Data block Block Start
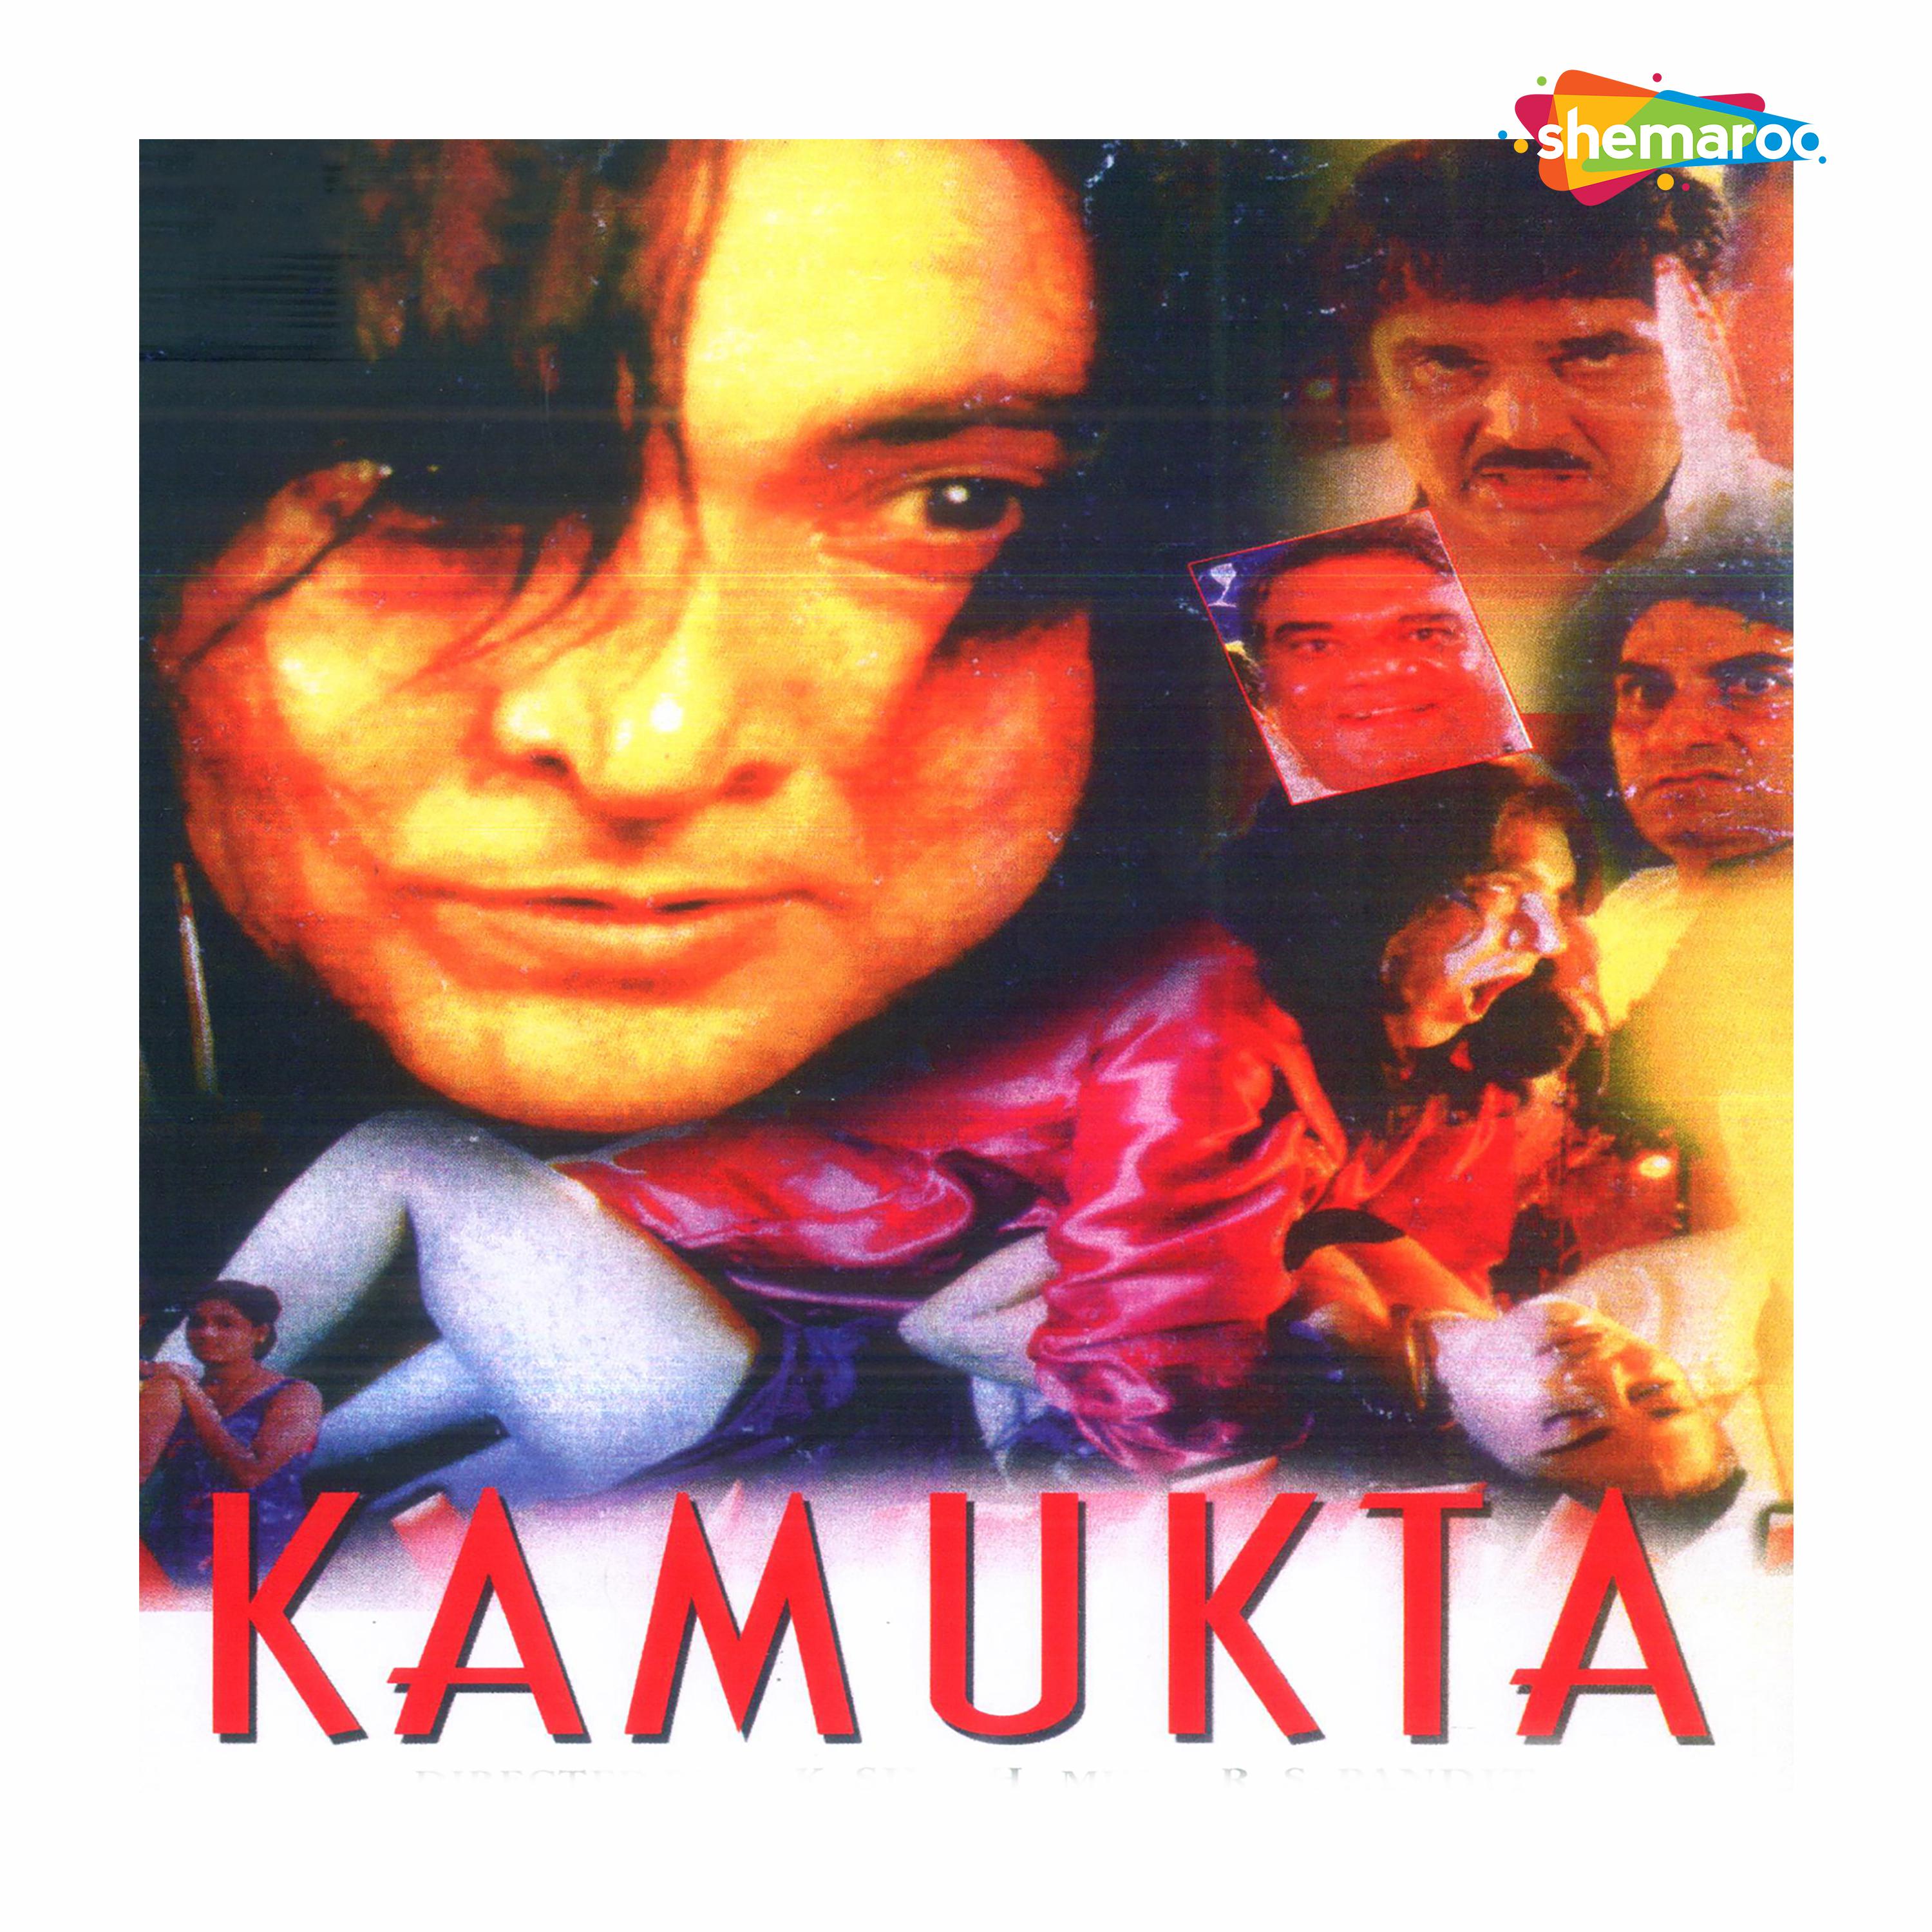 Kamukta (Original Motion Picture Soundtrack)
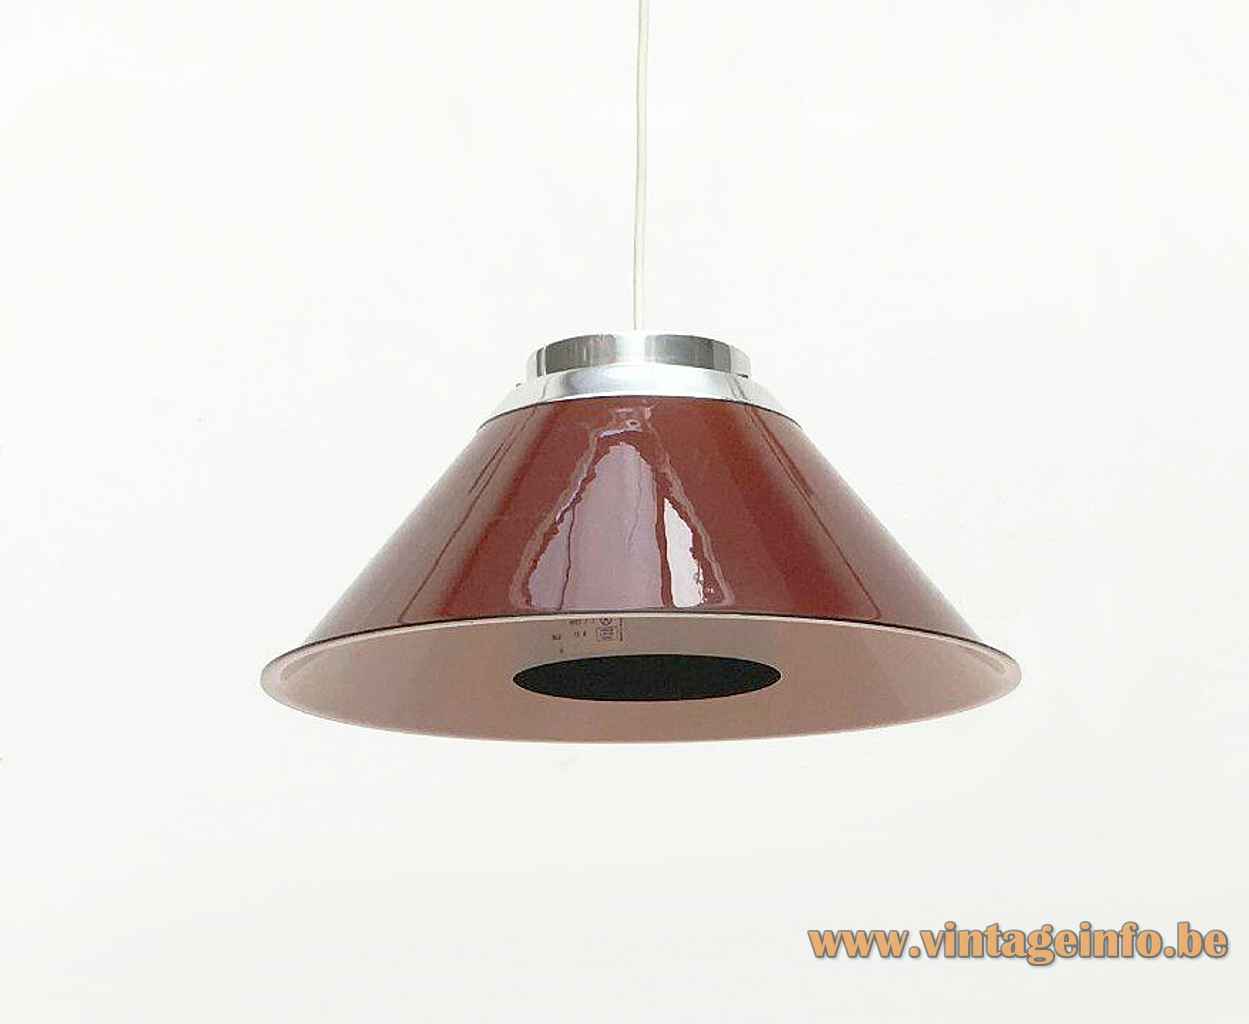 Ateljé Lyktan Mars pendant lamp 1972 design: Per Sundstedt conical degrading orange acrylic lampshade Sweden 1970s
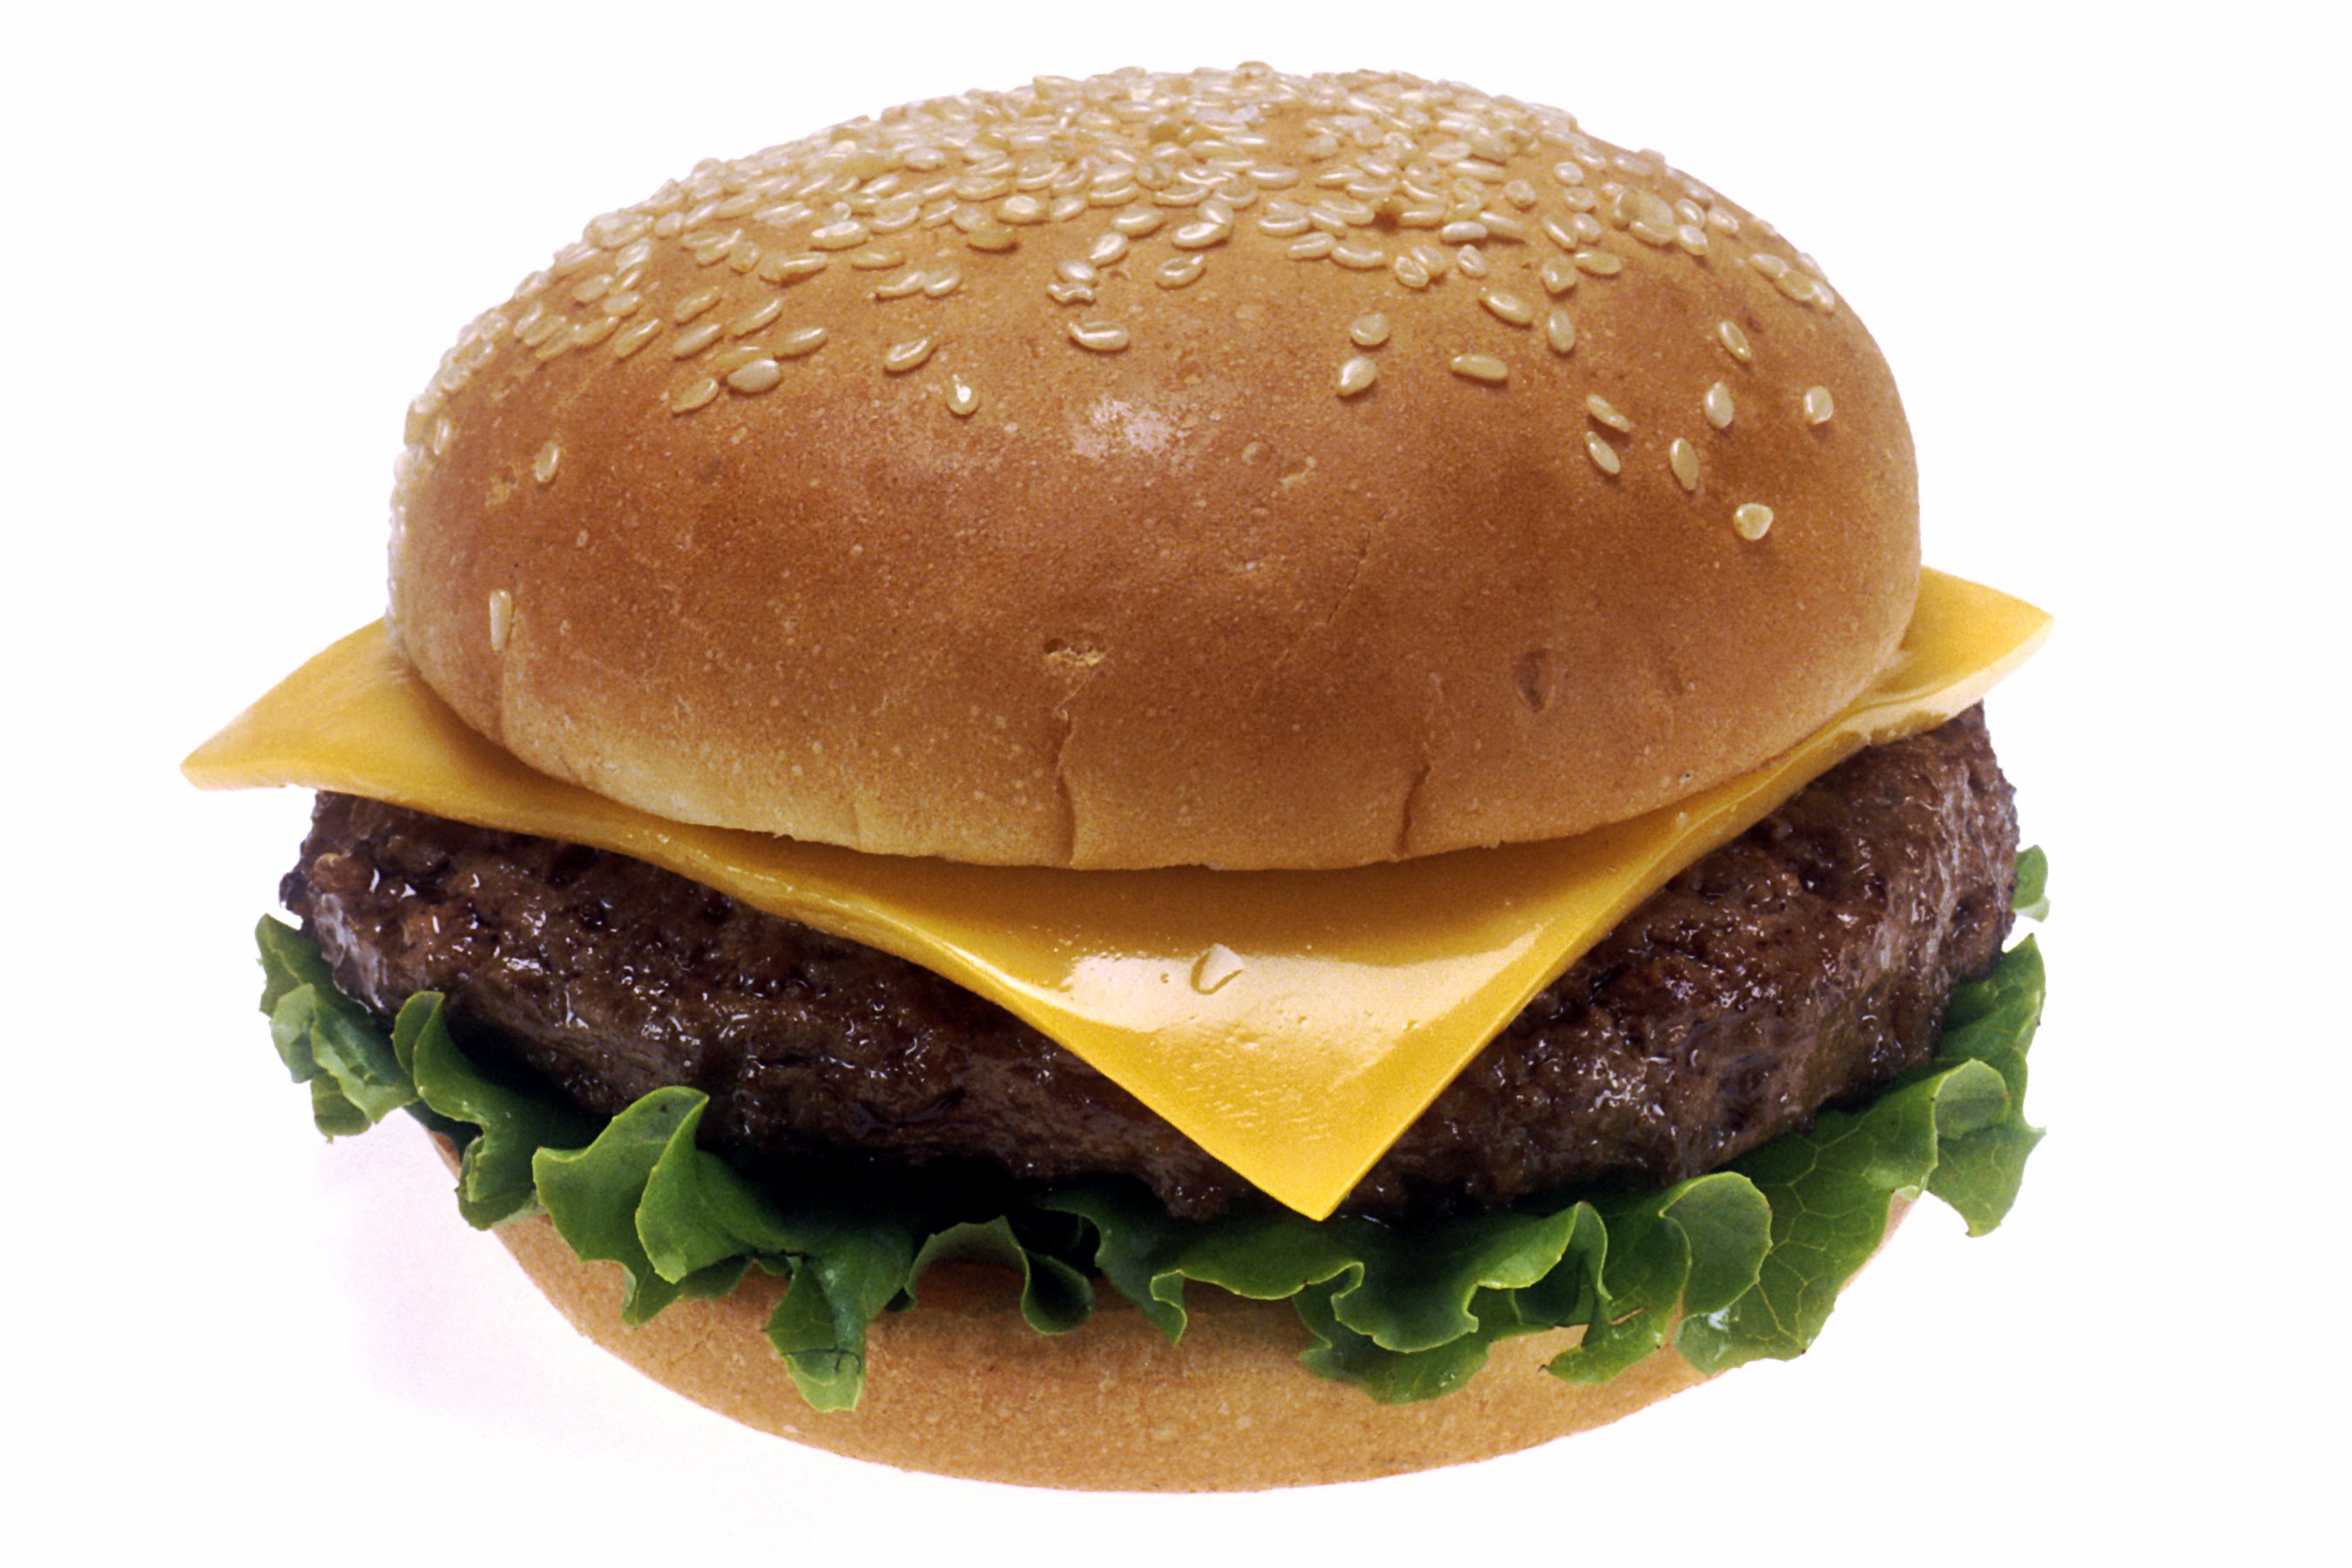 food, cheese, hamburgers, cheeseburgers - desktop wallpaper
Data block Block End
Print the listing exactly, images excluded.

**Answer section:**
 Kamukta (Original Motion Picture Soundtrack)
 Ateljé Lyktan Mars pendant lamp 1972 design: Per Sundstedt conical degrading orange acrylic lampshade Sweden 1970s
 food, cheese, hamburgers, cheeseburgers - desktop wallpaper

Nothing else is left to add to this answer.